> **Source information**:
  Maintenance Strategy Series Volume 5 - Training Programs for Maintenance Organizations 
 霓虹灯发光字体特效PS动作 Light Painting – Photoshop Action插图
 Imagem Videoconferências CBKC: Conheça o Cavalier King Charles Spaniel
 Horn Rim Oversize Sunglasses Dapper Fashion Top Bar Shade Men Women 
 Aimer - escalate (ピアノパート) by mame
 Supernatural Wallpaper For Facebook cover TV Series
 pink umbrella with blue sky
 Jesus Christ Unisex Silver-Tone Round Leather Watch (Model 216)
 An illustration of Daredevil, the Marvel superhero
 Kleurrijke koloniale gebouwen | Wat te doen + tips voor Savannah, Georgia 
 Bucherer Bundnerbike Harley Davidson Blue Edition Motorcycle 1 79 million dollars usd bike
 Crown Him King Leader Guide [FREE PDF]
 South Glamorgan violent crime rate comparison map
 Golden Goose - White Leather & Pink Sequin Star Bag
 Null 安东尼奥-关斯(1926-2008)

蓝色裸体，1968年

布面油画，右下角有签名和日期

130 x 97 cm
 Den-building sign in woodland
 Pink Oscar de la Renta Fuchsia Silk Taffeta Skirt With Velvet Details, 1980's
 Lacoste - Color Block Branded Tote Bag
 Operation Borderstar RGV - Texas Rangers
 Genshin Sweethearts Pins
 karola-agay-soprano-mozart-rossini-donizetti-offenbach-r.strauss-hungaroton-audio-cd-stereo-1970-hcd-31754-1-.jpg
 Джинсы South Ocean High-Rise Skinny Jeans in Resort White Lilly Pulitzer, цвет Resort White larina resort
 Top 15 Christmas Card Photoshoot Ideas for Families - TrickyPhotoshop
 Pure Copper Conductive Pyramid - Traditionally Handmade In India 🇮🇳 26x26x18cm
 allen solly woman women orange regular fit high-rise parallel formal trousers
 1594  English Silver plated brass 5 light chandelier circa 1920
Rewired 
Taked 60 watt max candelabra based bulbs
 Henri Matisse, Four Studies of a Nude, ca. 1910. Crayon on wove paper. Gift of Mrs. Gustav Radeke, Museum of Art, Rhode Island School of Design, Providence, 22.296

> **Exercise prompt**: Could you repeat exactly the lines in the listing above from the one with "Supernatural Wallpaper For" down to the one with "South Glamorgan violent"? Include both of those lines.

> **Task output**:
 Supernatural Wallpaper For Facebook cover TV Series
 pink umbrella with blue sky
 Jesus Christ Unisex Silver-Tone Round Leather Watch (Model 216)
 An illustration of Daredevil, the Marvel superhero
 Kleurrijke koloniale gebouwen | Wat te doen + tips voor Savannah, Georgia 
 Bucherer Bundnerbike Harley Davidson Blue Edition Motorcycle 1 79 million dollars usd bike
 Crown Him King Leader Guide [FREE PDF]
 South Glamorgan violent crime rate comparison map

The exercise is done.